=== REQUIRED WORK ===
Transcribe the data below verbatim from the line with "WITH JO NATOLI" to the line with "Lady Hagen Women's". Include both of those lines.
──────── DATA SECTION
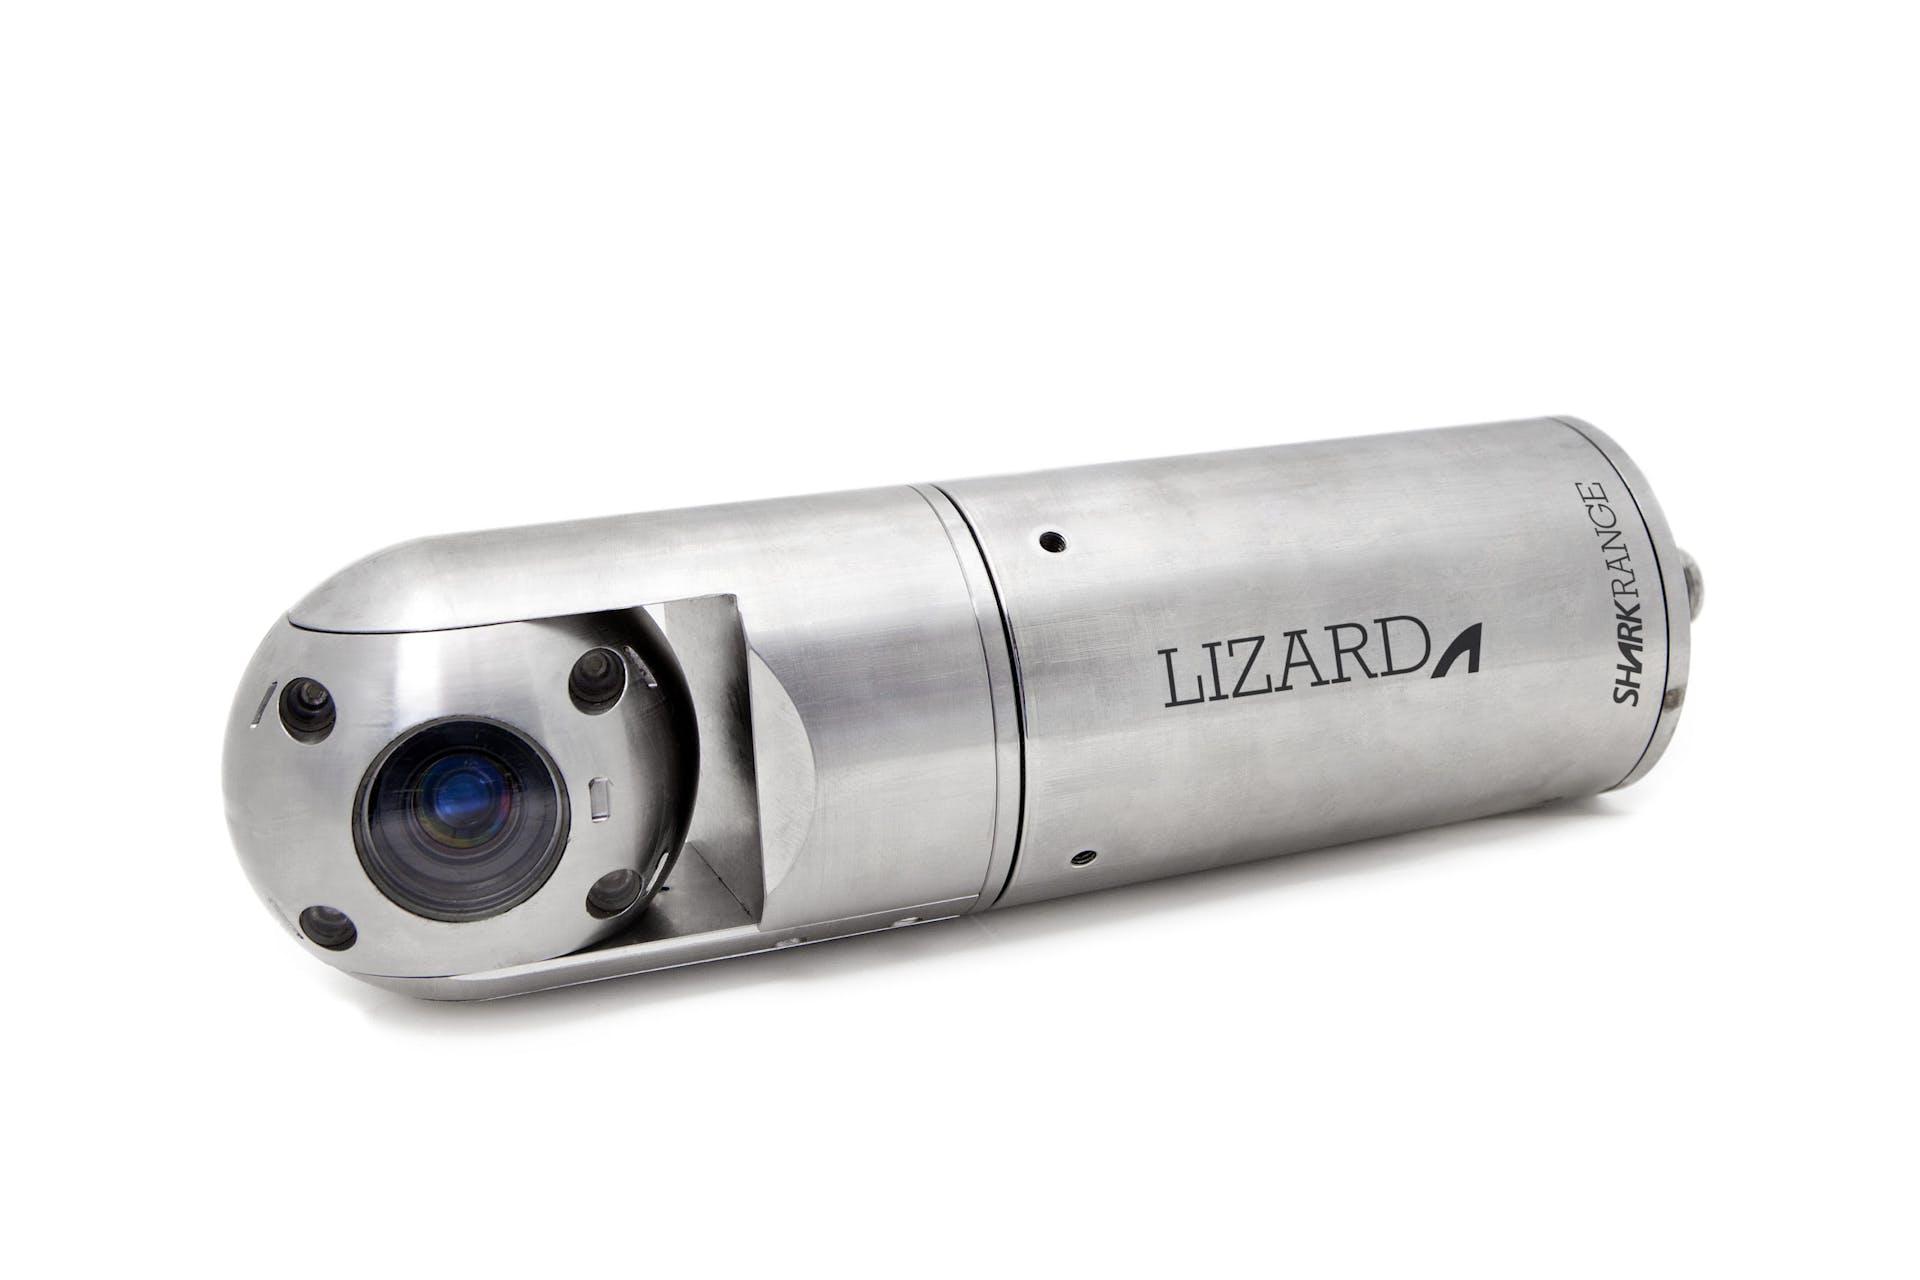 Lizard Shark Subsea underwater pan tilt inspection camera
────────────────
──────── DATA SECTION
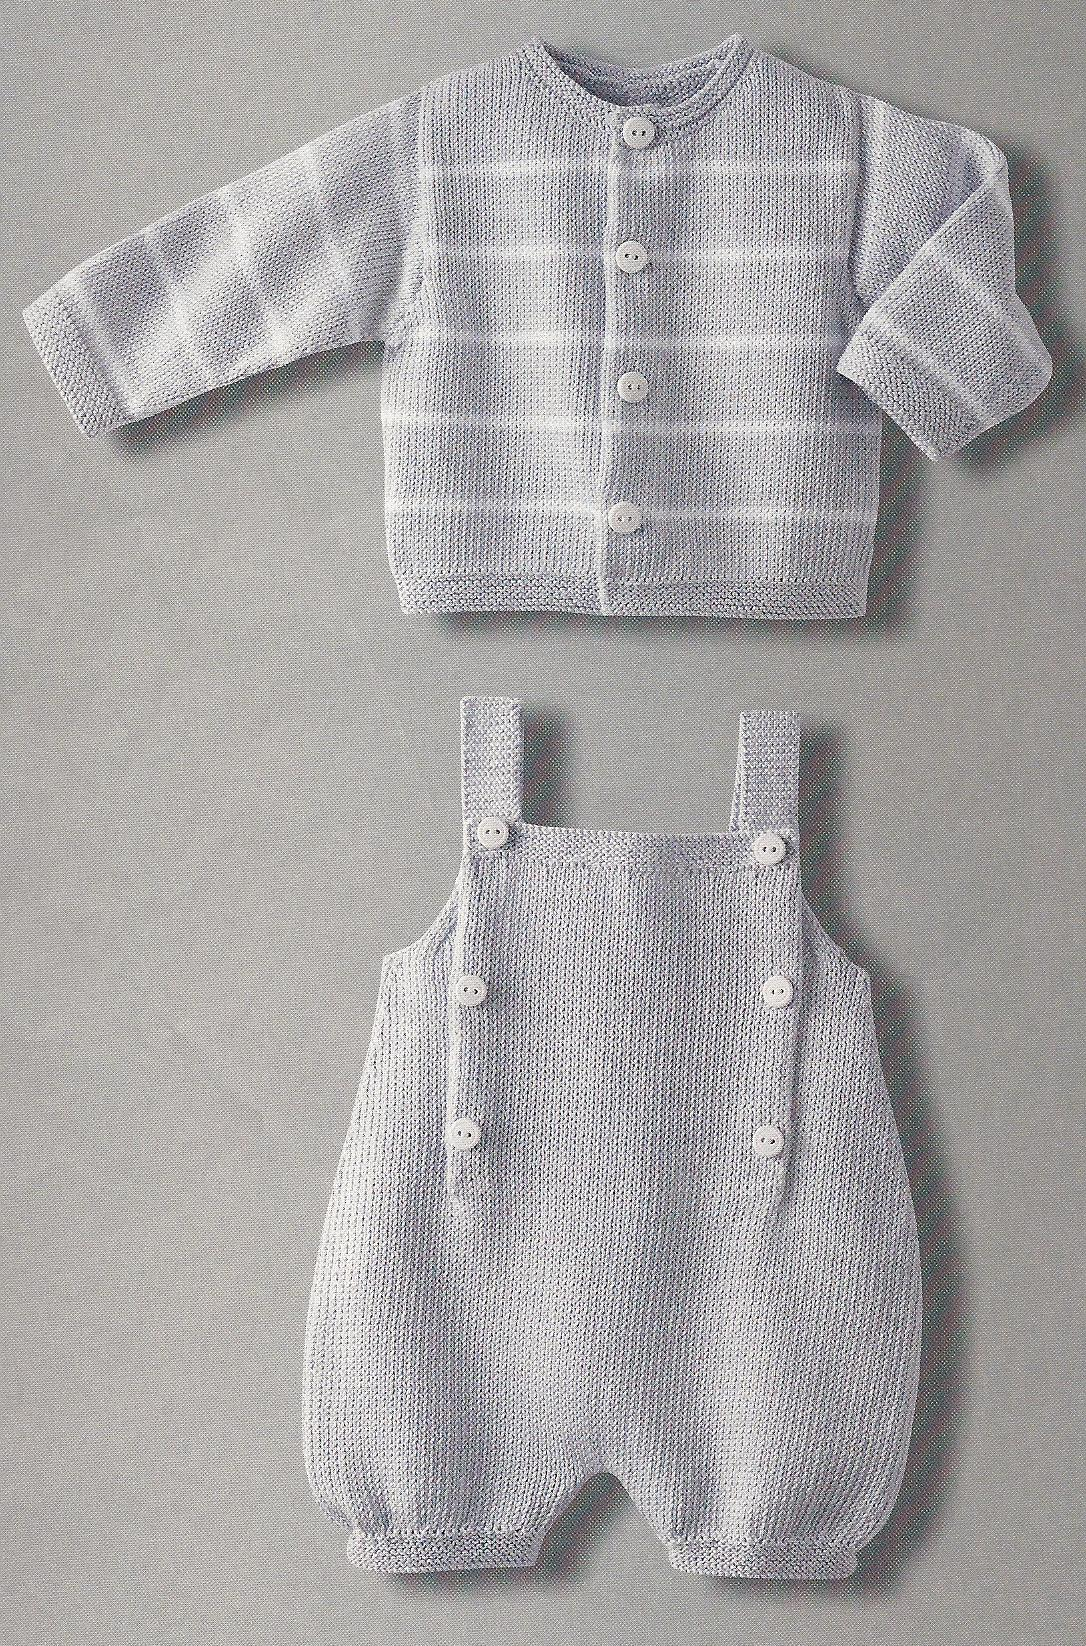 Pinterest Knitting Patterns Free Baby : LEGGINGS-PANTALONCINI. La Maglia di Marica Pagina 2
────────────────
──────── DATA SECTION
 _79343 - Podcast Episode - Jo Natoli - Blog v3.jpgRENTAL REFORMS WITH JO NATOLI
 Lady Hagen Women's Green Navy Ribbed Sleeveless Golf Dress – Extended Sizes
────────────────
=== RESPONSE AREA ===
 _79343 - Podcast Episode - Jo Natoli - Blog v3.jpgRENTAL REFORMS WITH JO NATOLI
 Lady Hagen Women's Green Navy Ribbed Sleeveless Golf Dress – Extended Sizes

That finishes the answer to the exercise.